**The task:** Would you transcribe each entry exactly as it stands, omitting the pictures?

**Source data:**
§ §

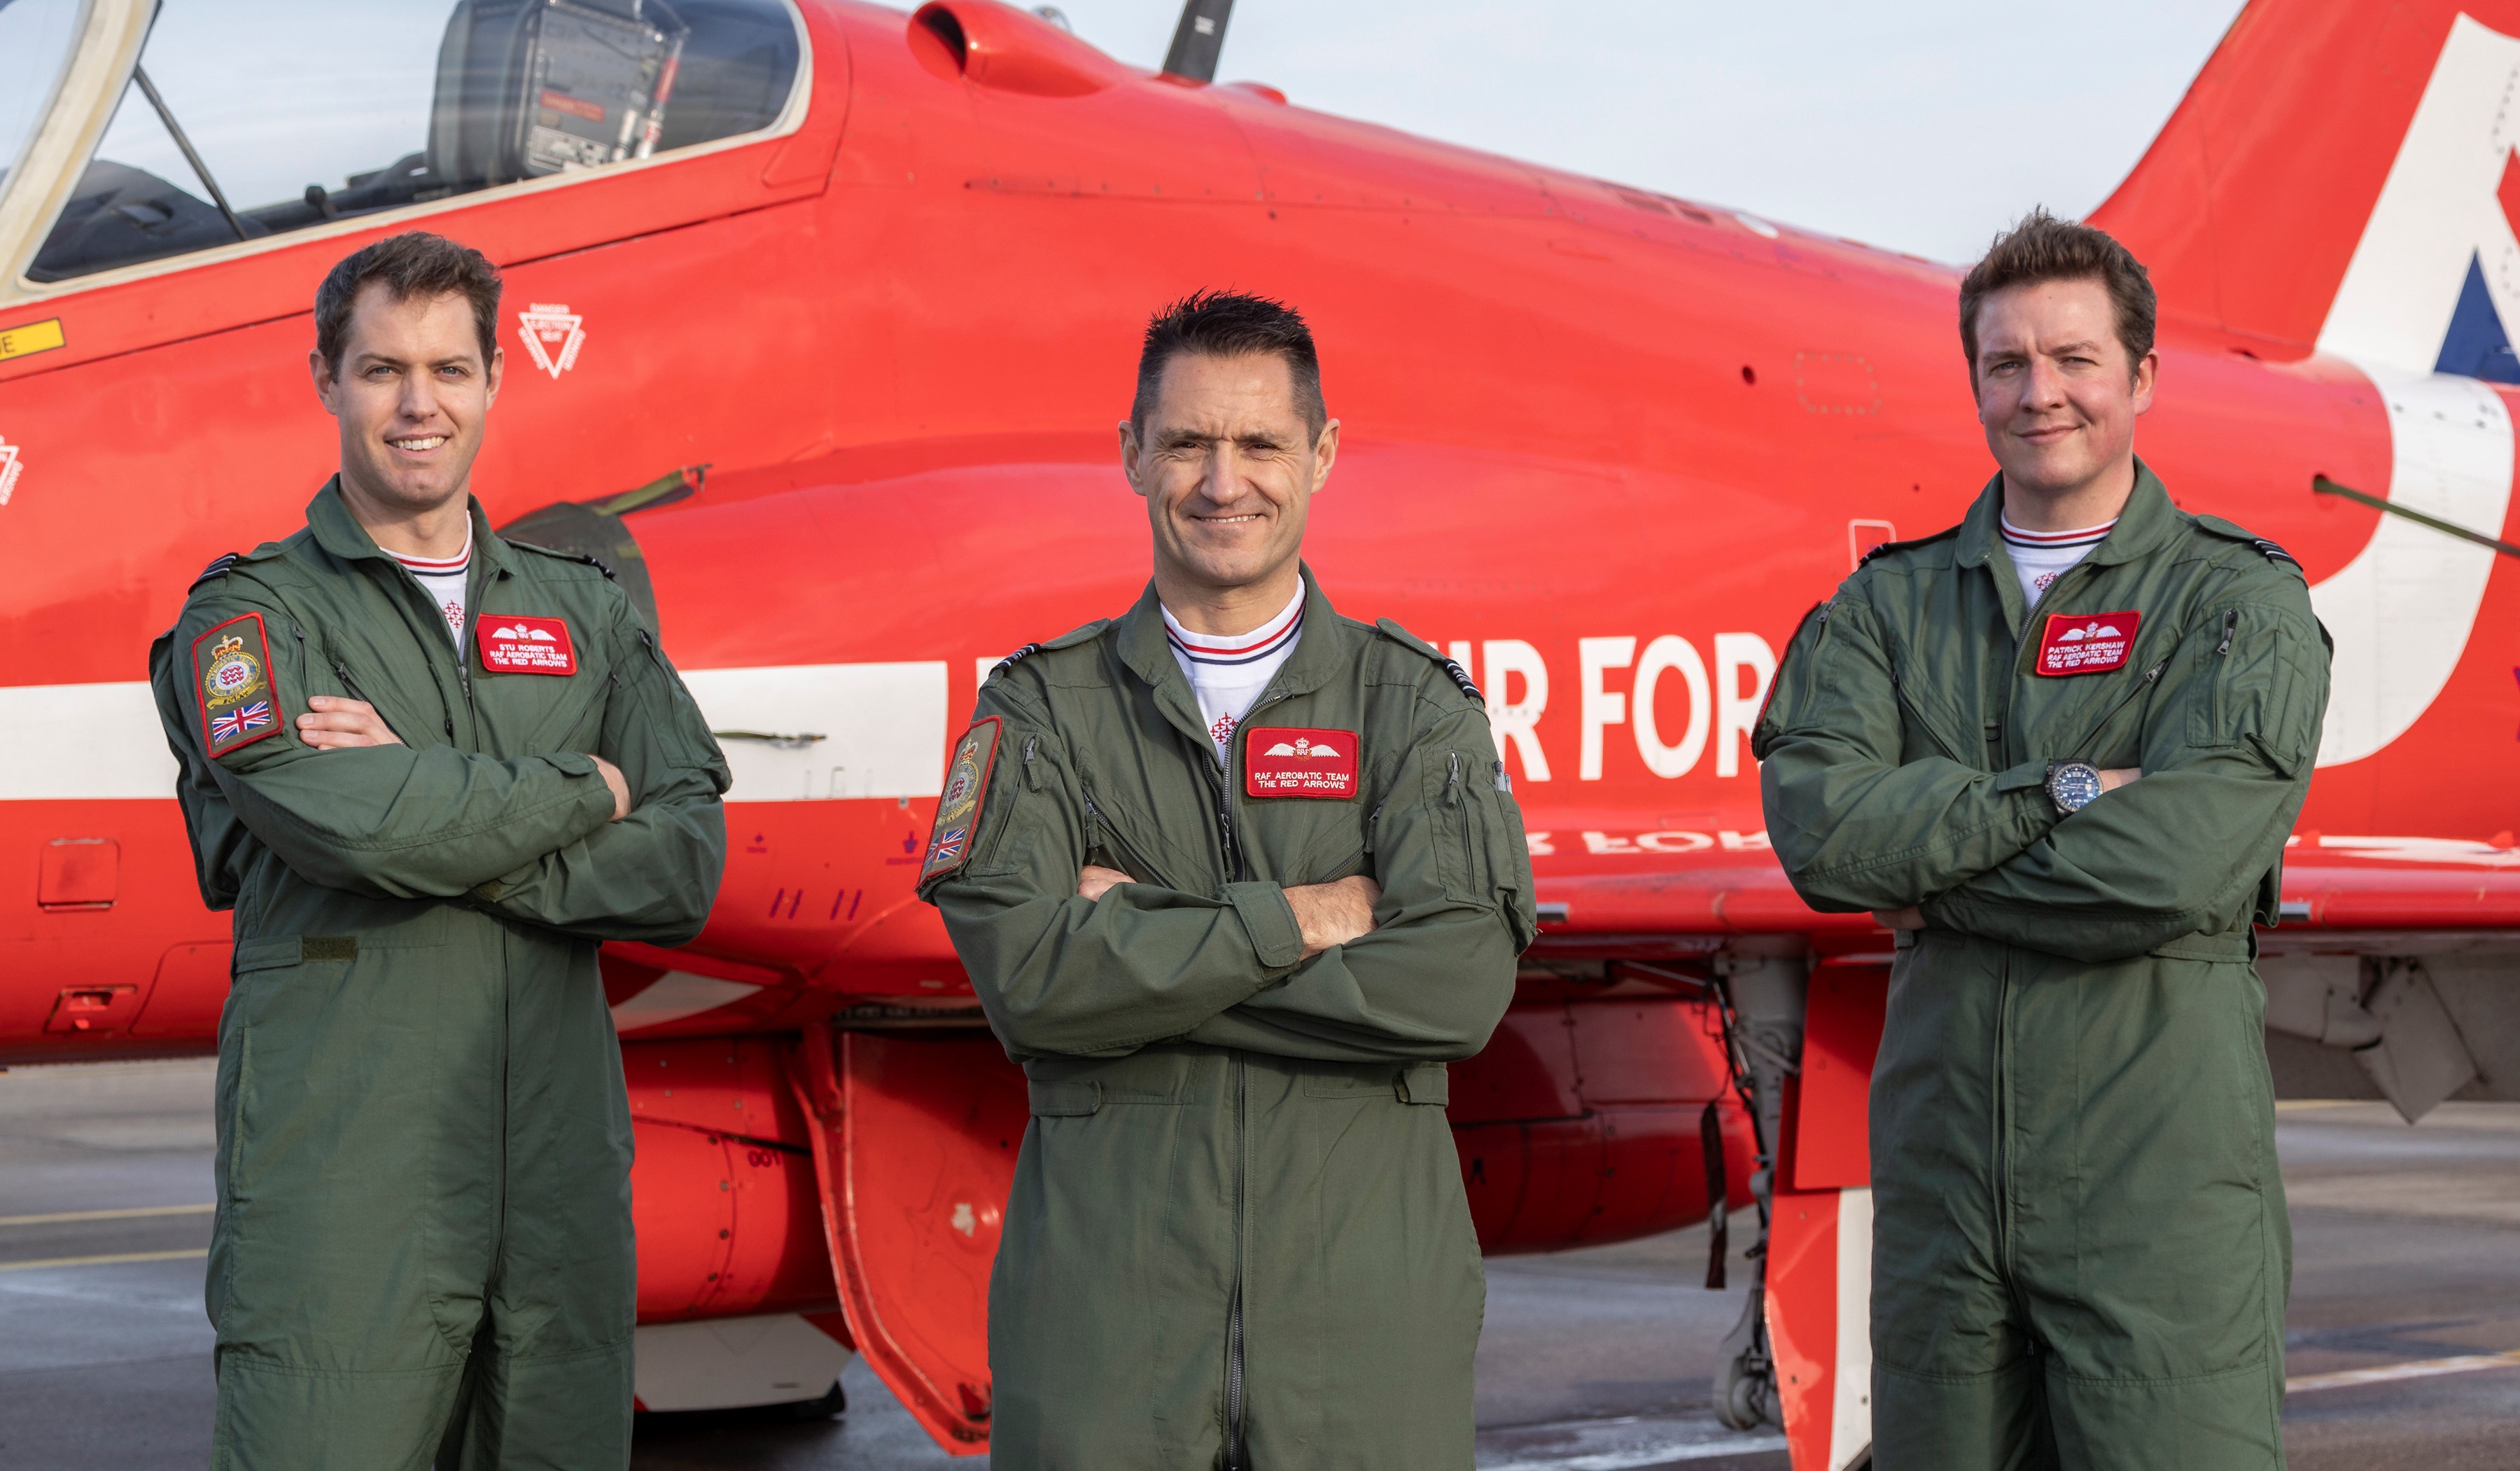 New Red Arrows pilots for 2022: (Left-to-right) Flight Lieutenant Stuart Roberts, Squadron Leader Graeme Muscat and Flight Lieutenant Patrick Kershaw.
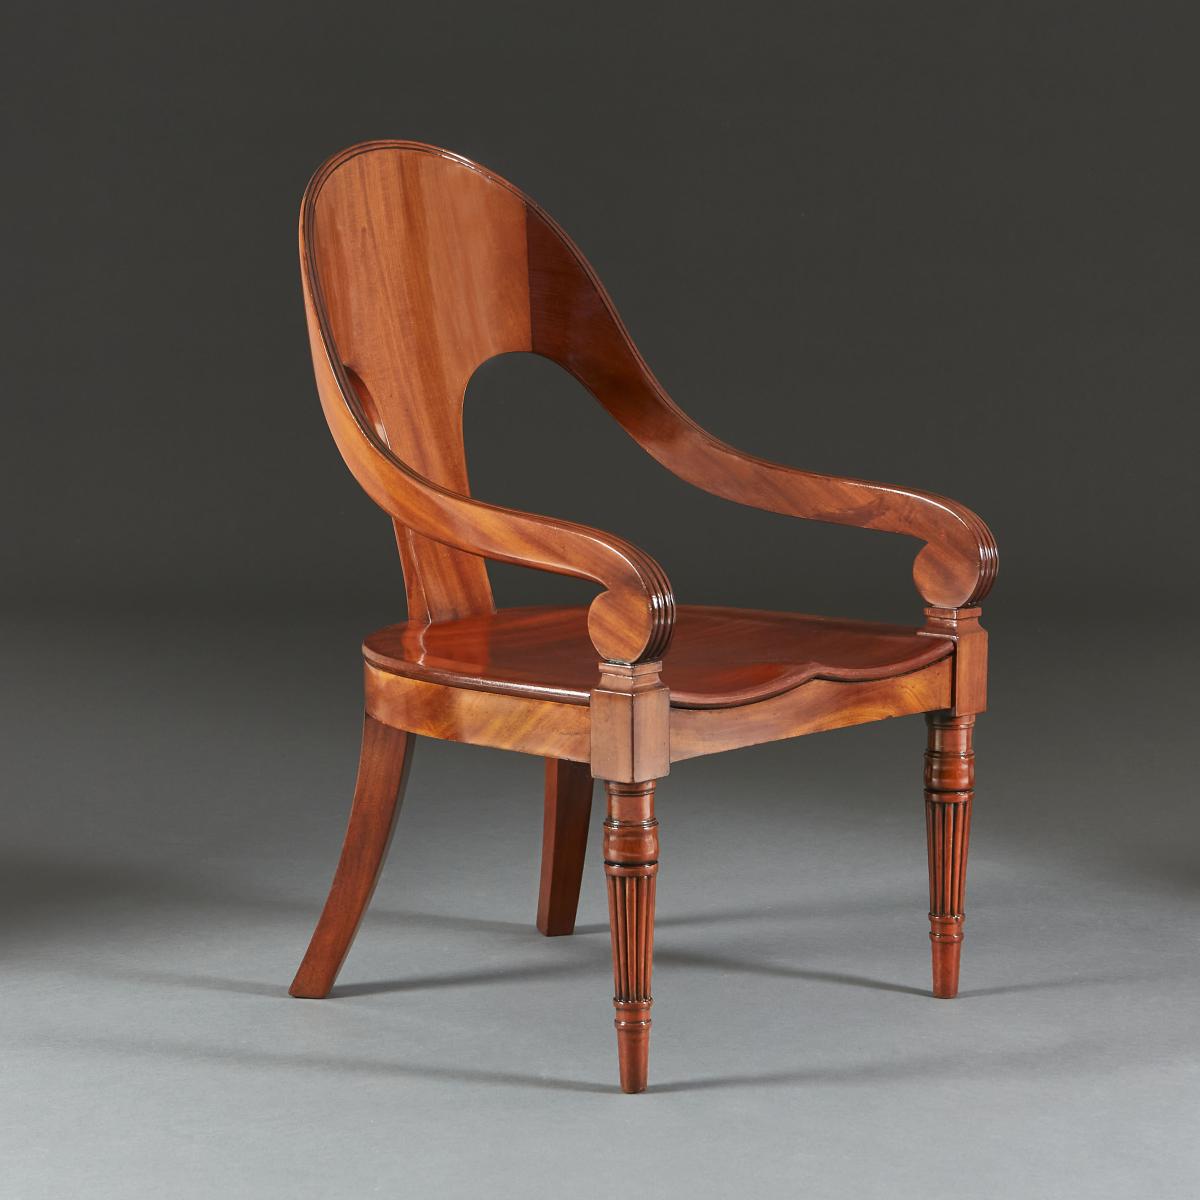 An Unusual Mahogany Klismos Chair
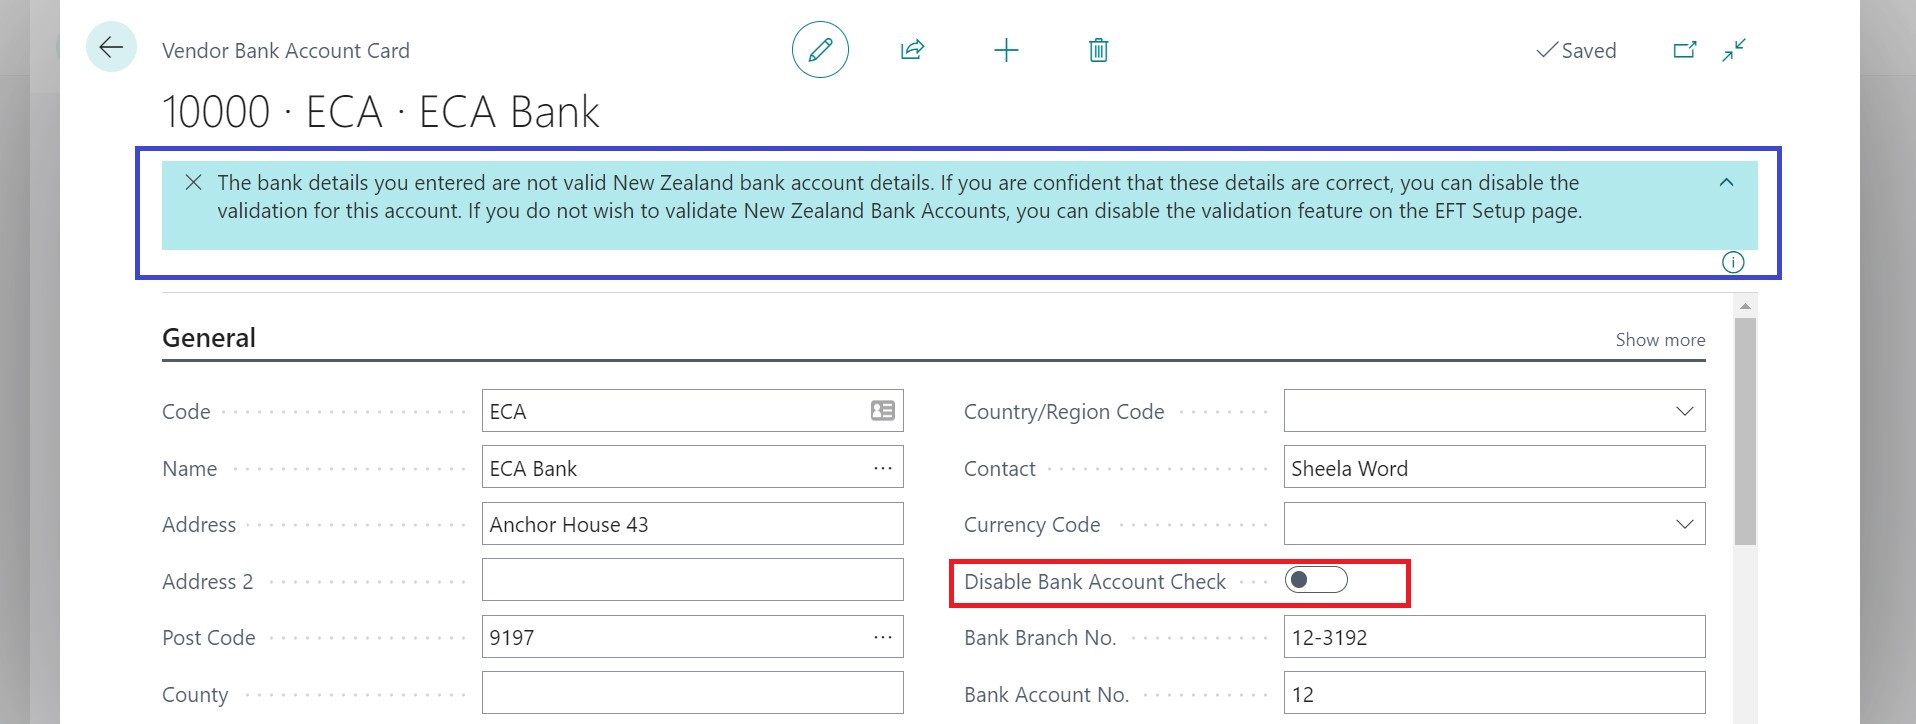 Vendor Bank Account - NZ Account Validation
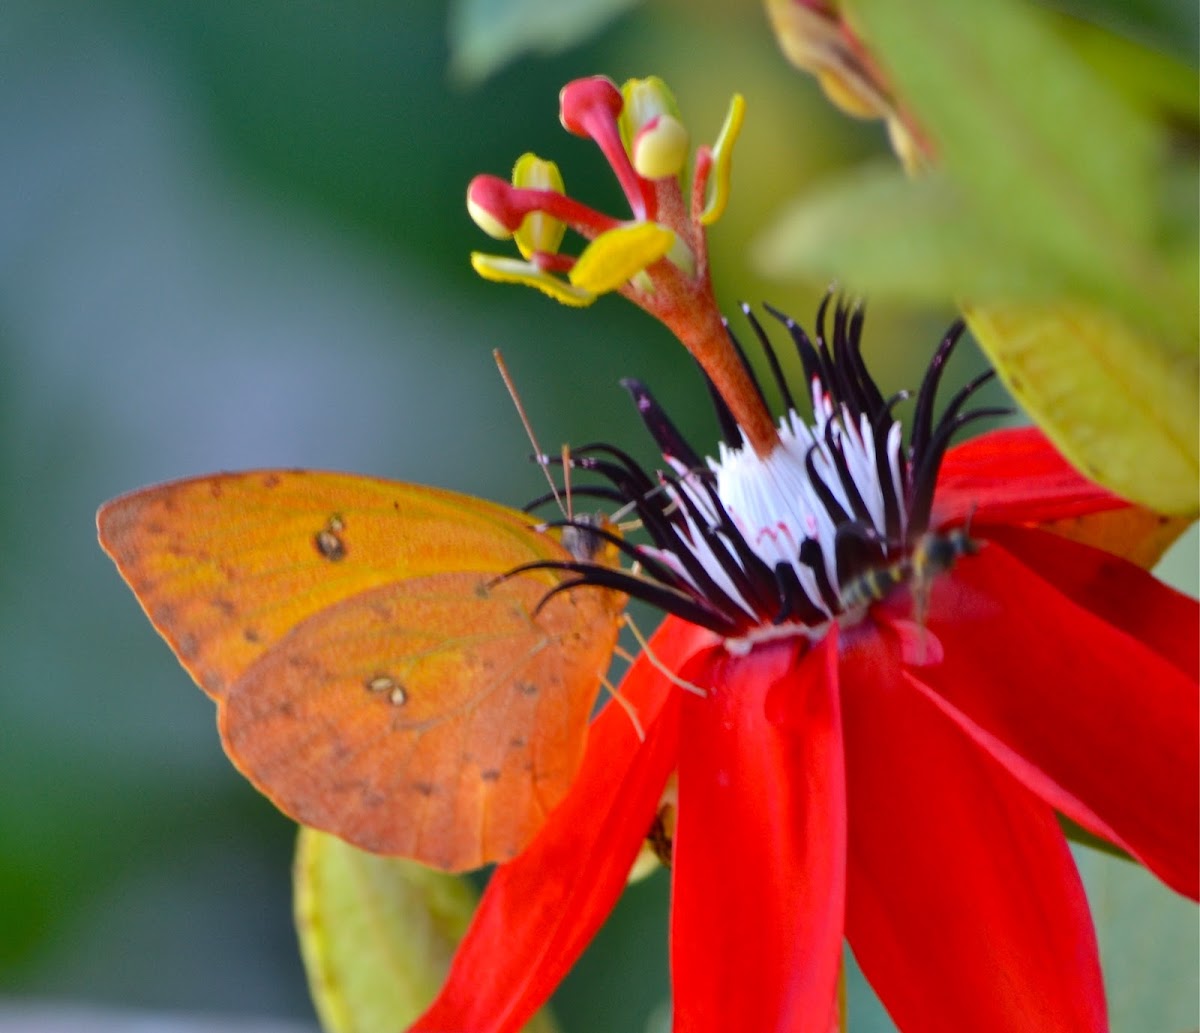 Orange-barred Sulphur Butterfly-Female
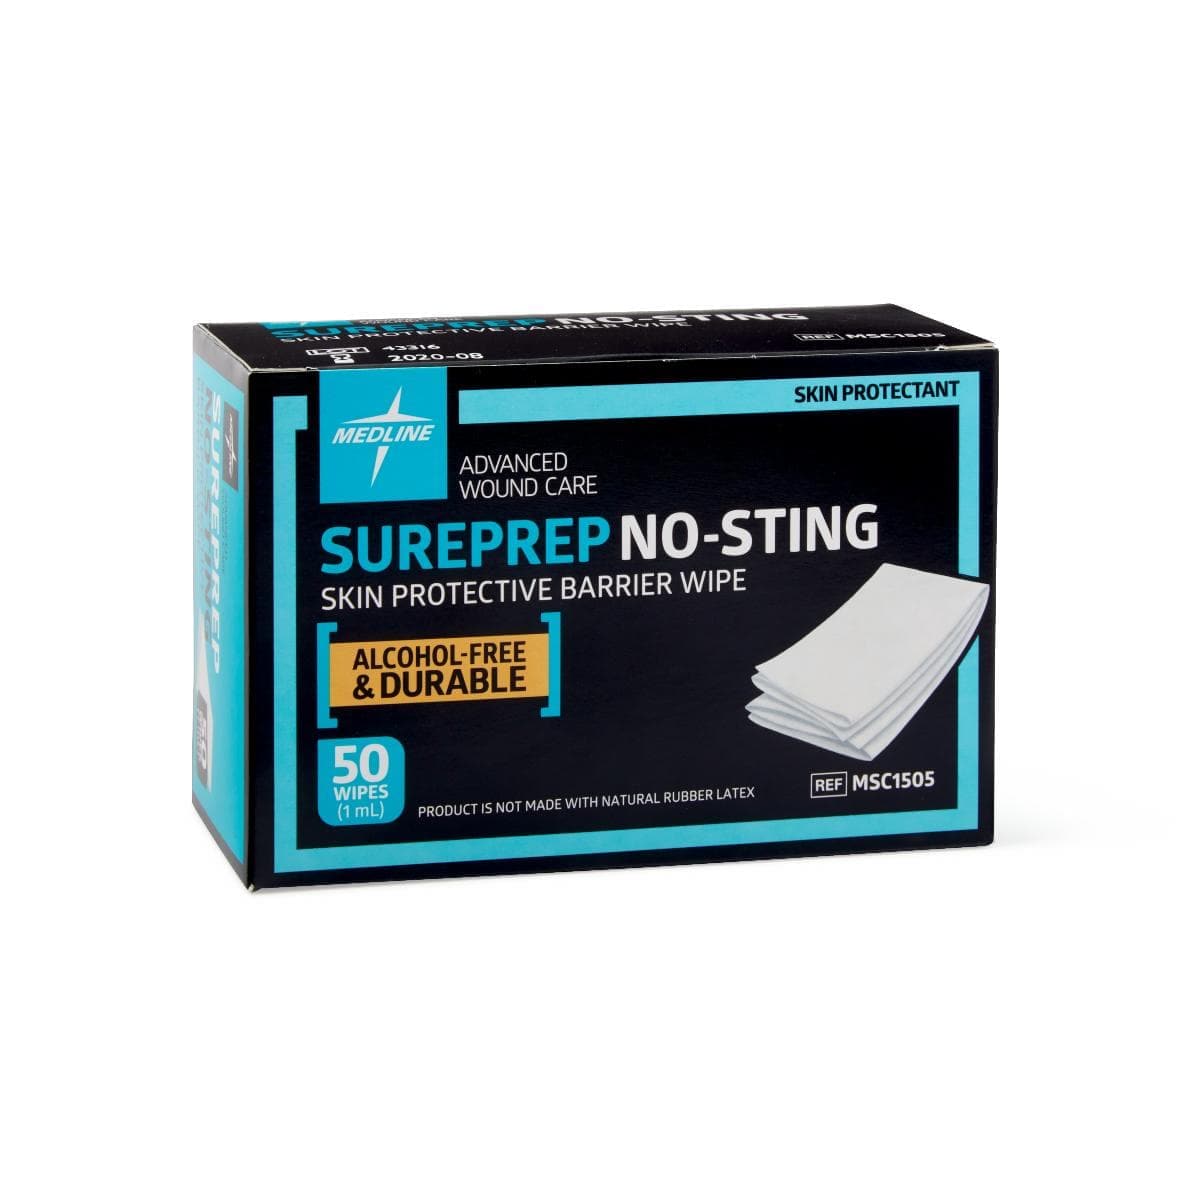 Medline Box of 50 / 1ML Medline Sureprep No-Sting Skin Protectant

§ §

**Response area:**
 New Red Arrows pilots for 2022: (Left-to-right) Flight Lieutenant Stuart Roberts, Squadron Leader Graeme Muscat and Flight Lieutenant Patrick Kershaw.
 An Unusual Mahogany Klismos Chair
 Vendor Bank Account - NZ Account Validation
 Orange-barred Sulphur Butterfly-Female
 Medline Box of 50 / 1ML Medline Sureprep No-Sting Skin Protectant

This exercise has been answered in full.